### What to produce
Leaving out the pictures, output the lines from the one that contains "Fabuleux TBC Semaine" through the end of the material, exactly as they stand.

### Available data
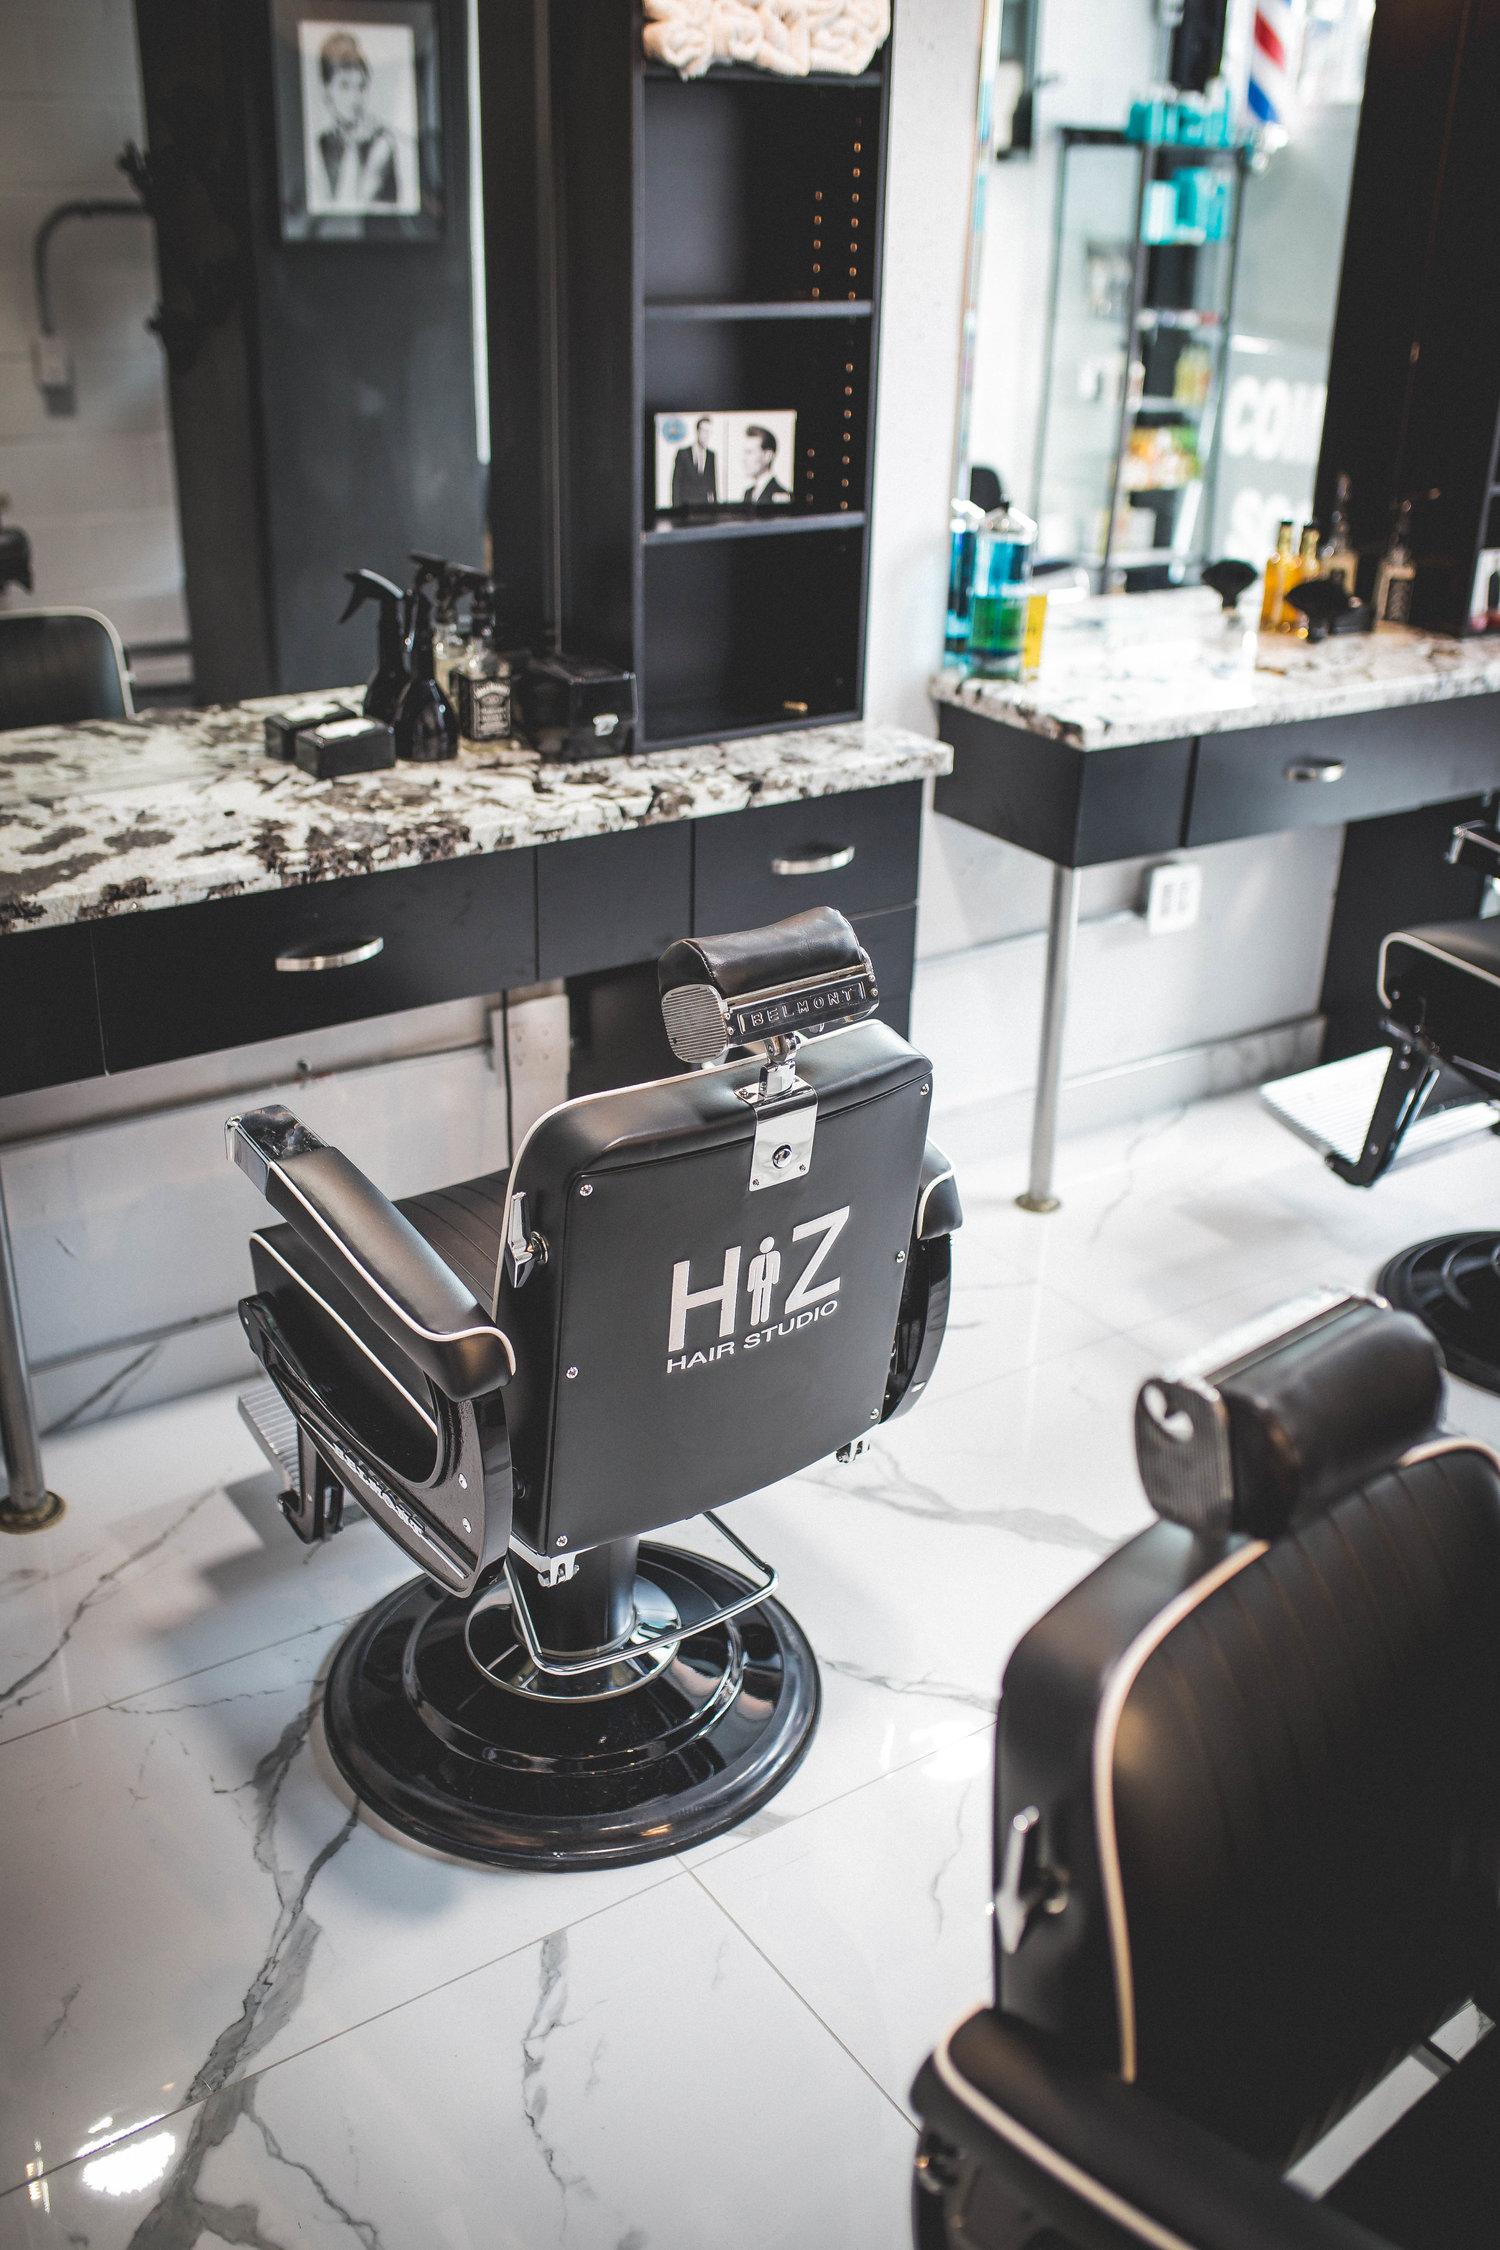 Hiz & Herz Hair Studio
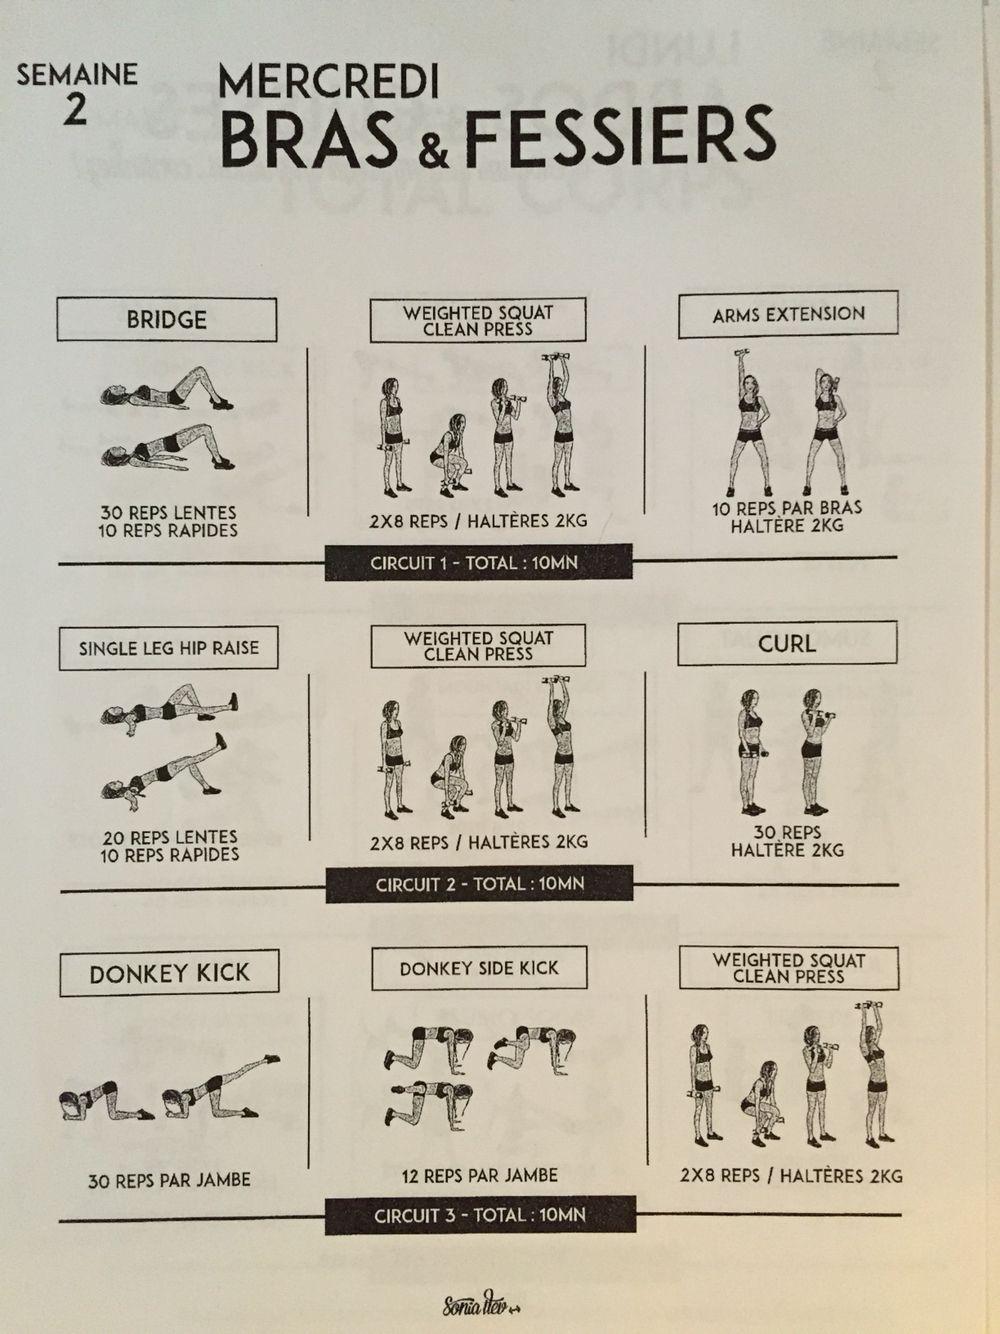 Fabuleux TBC Semaine 2 - Mercredi 22:55 min | Get fit! | Pinterest | Bodies  OO54
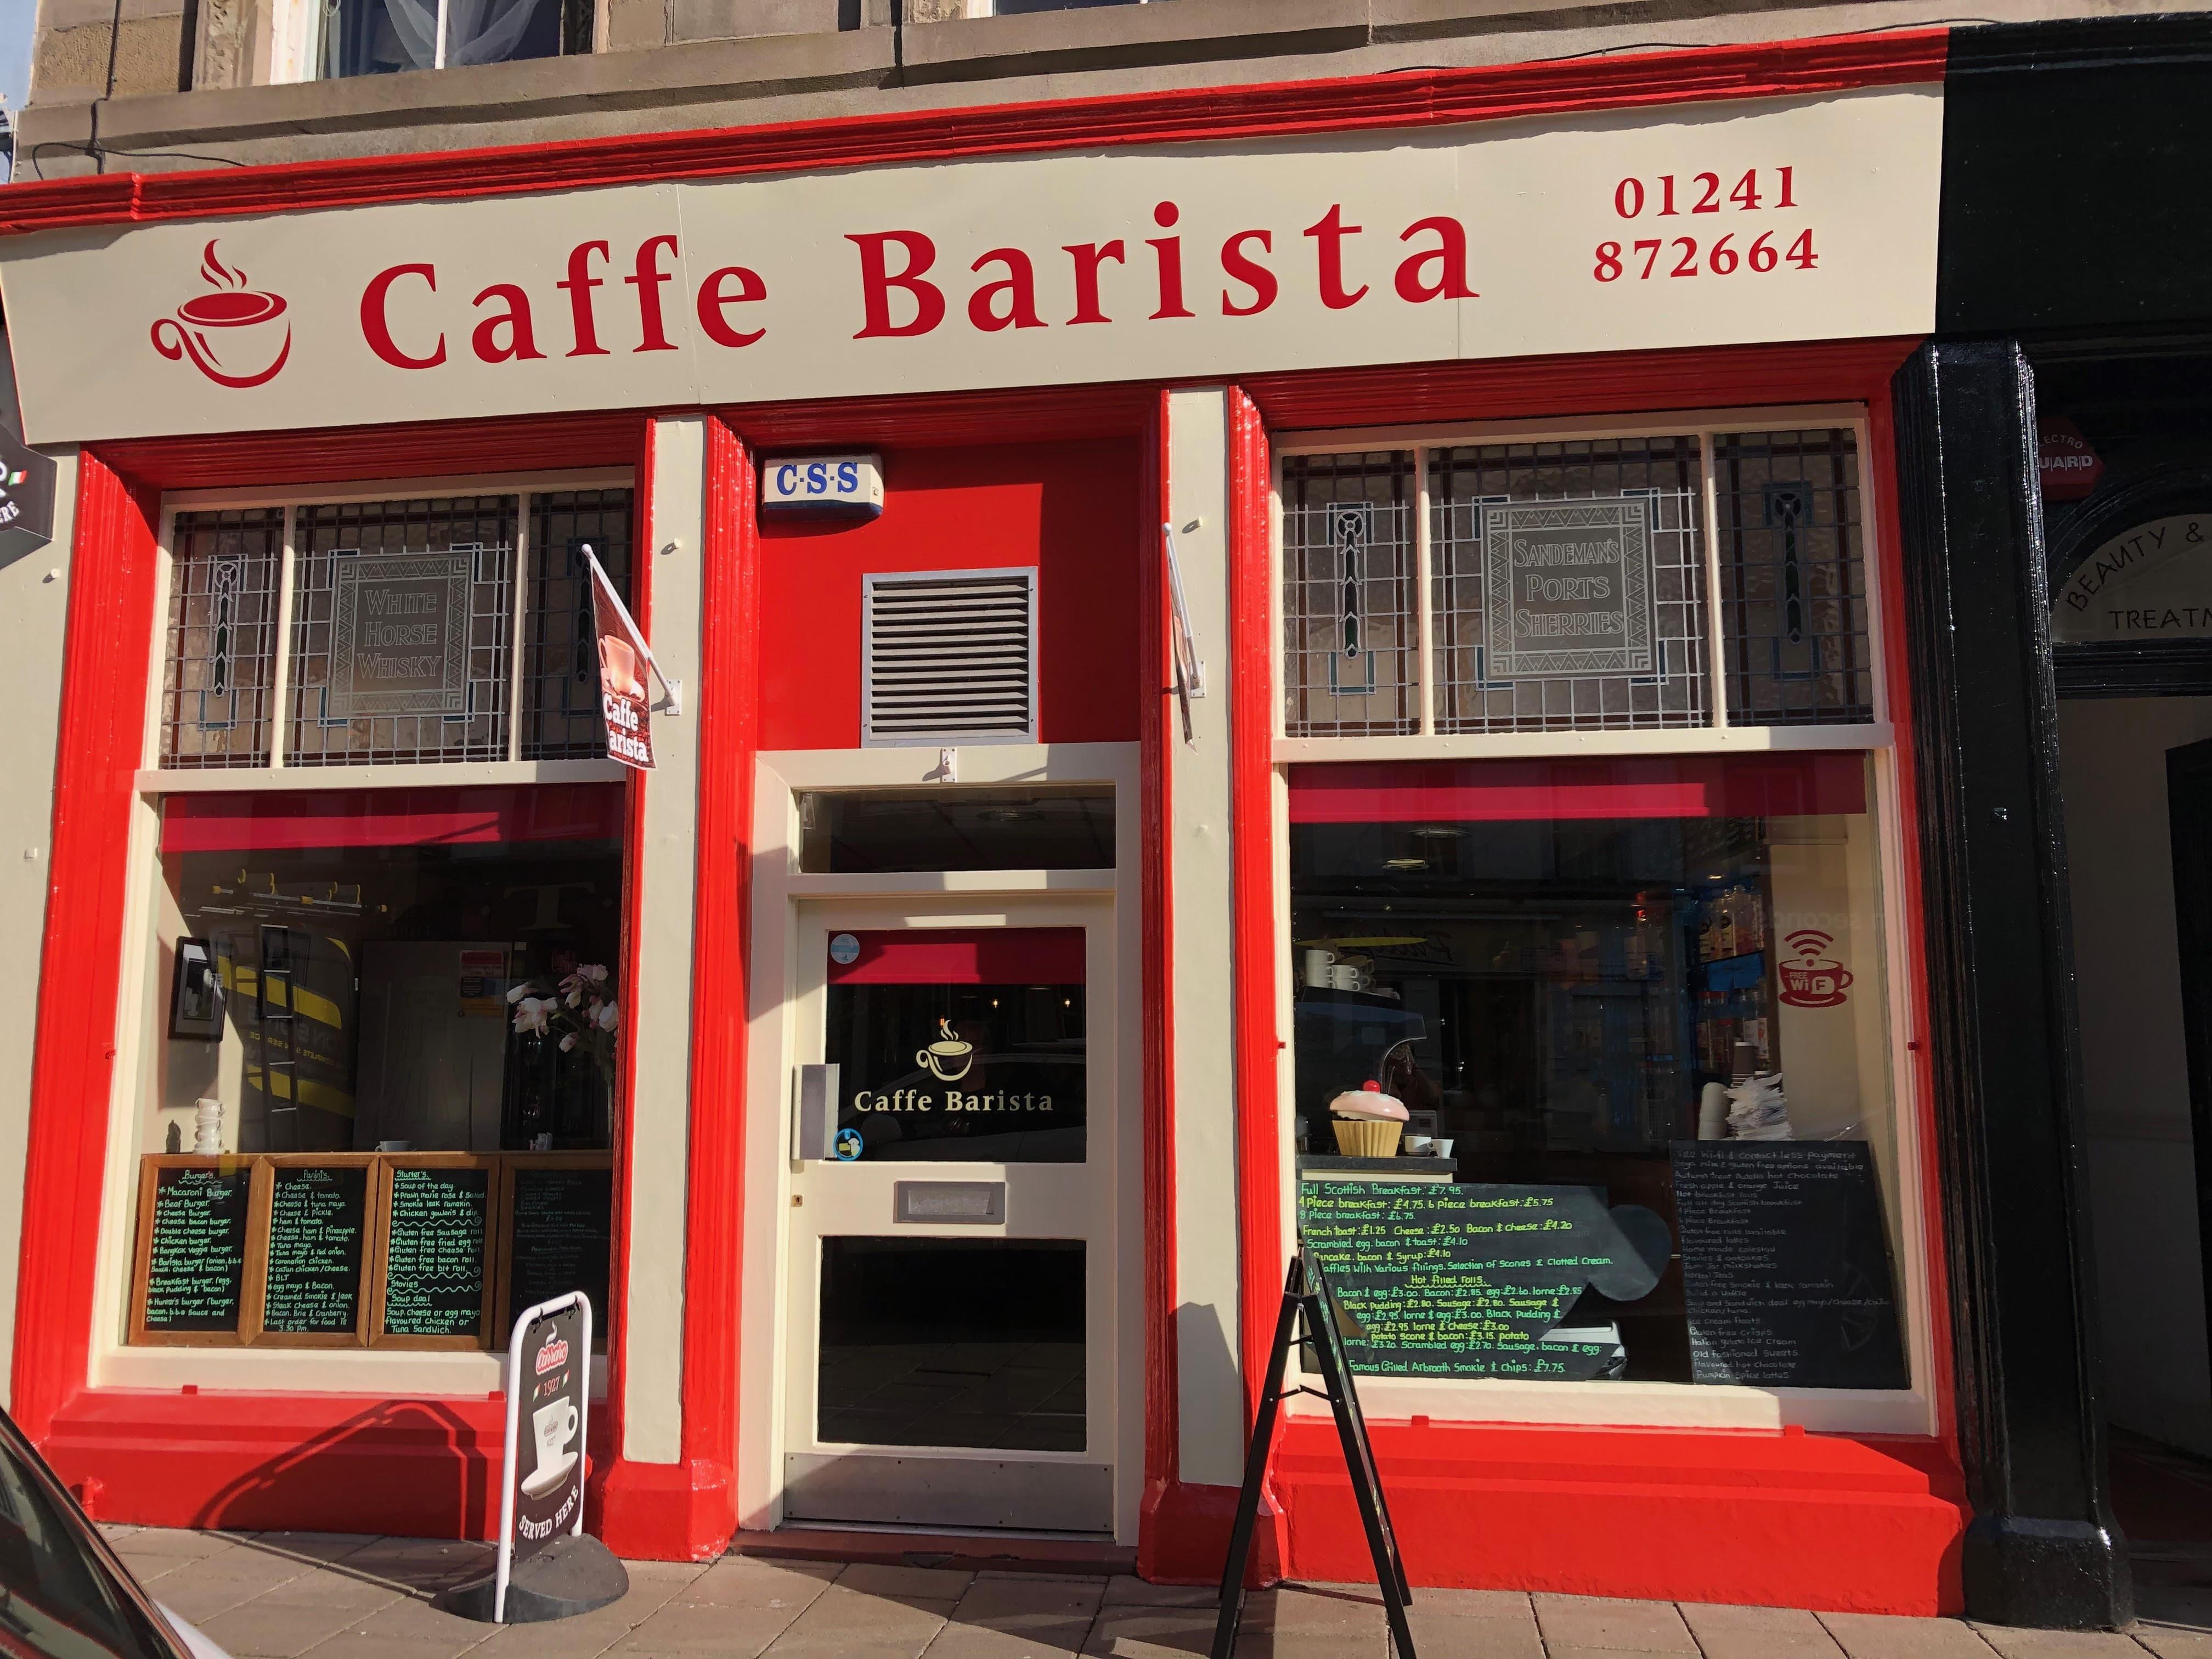 http://caffe-barista.co.uk/wp-content/uploads/2019/07/CaffeFront-min.jpg

### Response for this exercise
 Fabuleux TBC Semaine 2 - Mercredi 22:55 min | Get fit! | Pinterest | Bodies  OO54
 http://caffe-barista.co.uk/wp-content/uploads/2019/07/CaffeFront-min.jpg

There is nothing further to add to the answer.